The sum of the first 10 terms of an Ap is 145 and the sum of its fourth and ninth is 5 times the third term determine the first term and the constant difference
S10=145
T4+T9=5×T3
therefore we can write this as
(a+3d)+(a+8d)=5(a+2d)
2a+11d=5a+10d
d=3a
to find the first term we can substitute our S10 & common difference into Sn=n/2[2a+(n-1)d] .
S10=10/2[2a+(10-1)3a]
145=5(2a+30a-3a)
145=5(29a)
145=145a {divide both sides by 145}
.•. a = 1
substitute a in d=3a to find the difference.
d=3(1)
d=3
10/2 (2a+9d) = 145
a+3d + a+8d = 5(a+2d)
Well, solving math problems can be a bit tricky, but I'll give it a shot! Here's what I think:
Let's assume that the first term of the arithmetic progression (AP) is 'a' and the constant difference is 'd'.
Now, the sum of the first 10 terms of an AP can be calculated using the formula:
Sum = (n/2) * (2a + (n-1)d)
Given that the sum is 145, we can plug in the values:
145 = (10/2) * (2a + (10-1)d)
145 = 5 * (2a + 9d)
29 = 2a + 9d --- Equation 1
We also know that the sum of the fourth and ninth terms is 5 times the third term. Let's denote the third term as 't'.
So, the fourth term would be 't + d', and the ninth term would be 't + 5d'.
According to the given condition, we have:
(t + d) + (t + 5d) = 5t
2t + 6d = 5t
6d = 3t
2d = t --- Equation 2
Now, we have two equations, Equation 1 and Equation 2, and we can solve them simultaneously to determine the values of 'a' and 'd'.
Substituting Equation 2 into Equation 1, we get:
29 = 2a + 9(2d)
29 = 2a + 18d
Dividing both sides by 2:
14.5 = a + 9d --- Equation 3
Now, we can solve Equations 2 and 3 simultaneously:
2d = 14.5 - 9d
11d = 14.5
d = 14.5/11
d ≈ 1.318181818...
Substituting the value of 'd' back into Equation 2:
t = 2d
t ≈ 2 * 1.318181818...
t ≈ 2.636363636...
Therefore, the first term (a) would be:
a = t - 2d
a ≈ 2.636363636... - 2 * 1.318181818...
a ≈ 0
So, by solving the equations, we find that the first term is approximately 0 and the constant difference is approximately 1.318181818... (which is a funny number to work with!).
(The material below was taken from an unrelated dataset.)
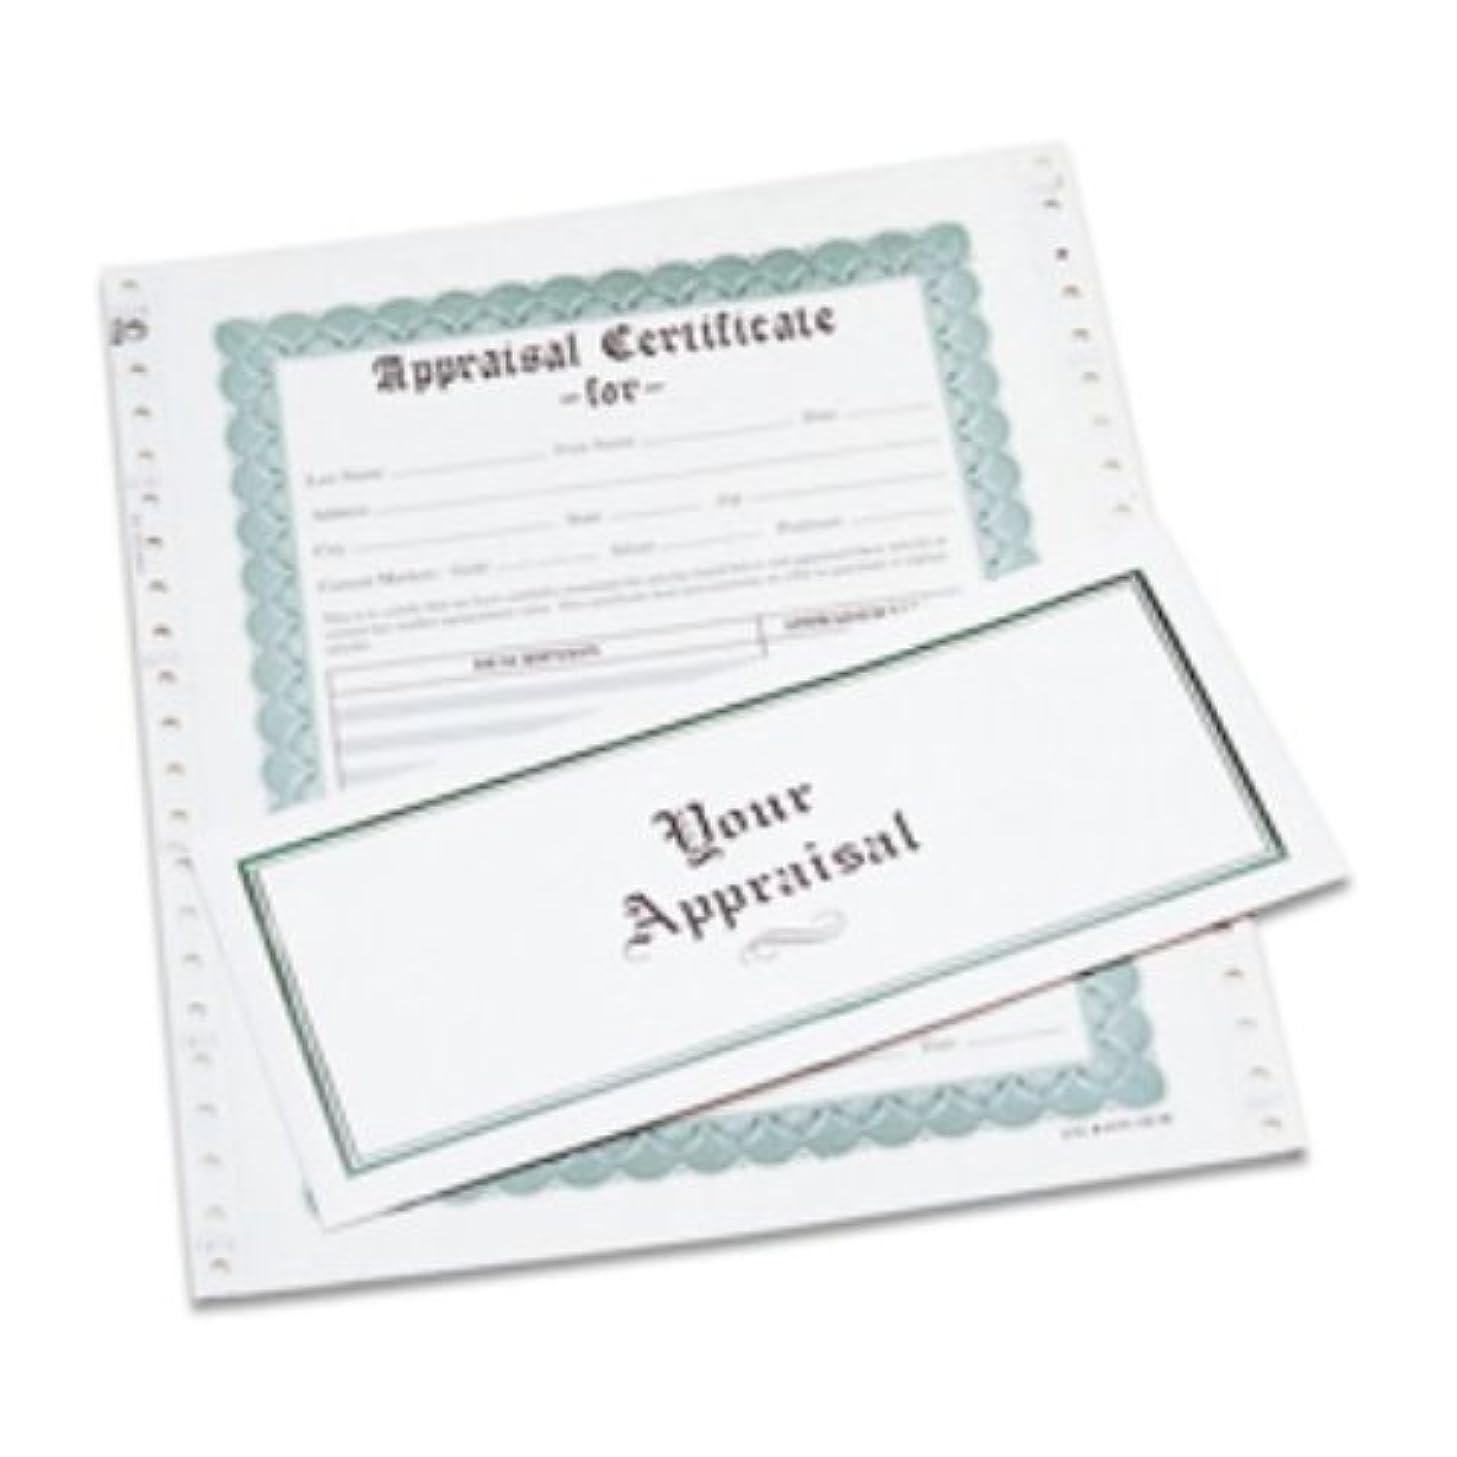 Appraisal Certificates, Box of 100   APR-100.00

I hope this helps, and remember, math jokes are always the best way to lighten the mood when dealing with equations!
To determine the first term and the constant difference of an arithmetic progression (AP) based on the given information, we can use the formulas for the sum of the first n terms of an AP and the nth term of an AP.
Let's denote the first term as 'a' and the constant difference as 'd'.
Given: The sum of the first 10 terms of the AP is 145.
Using the formula for the sum of the first n terms of an AP:
S_n = (n/2)(2a + (n-1)d)
Substituting the values, we have:
145 = (10/2)(2a + (10-1)d)
145 = 5(2a + 9d)
29 = 2a + 9d -- Equation 1
Given: The sum of the fourth and ninth terms is 5 times the third term.
Using the formula for the nth term of an AP:
a_n = a + (n-1)d
The fourth term is a + 3d, the ninth term is a + 8d, and the third term is a + 2d.
According to the given information:
(a + 3d) + (a + 8d) = 5(a + 2d)
2a + 11d = 5a + 10d
11d - 10d = 5a - 2a
d = 3a -- Equation 2
Now, we need to solve these two simultaneous equations (Equation 1 and Equation 2) to find the values of 'a' and 'd'.
Substituting the value of 'd' from Equation 2 into Equation 1:
29 = 2a + 9(3a)
29 = 2a + 27a
29 = 29a
a = 1
Substituting the value of 'a' back into Equation 2 to find 'd':
d = 3a
d = 3(1)
d = 3
Therefore, the first term is 1 and the constant difference is 3 in the given arithmetic progression (AP).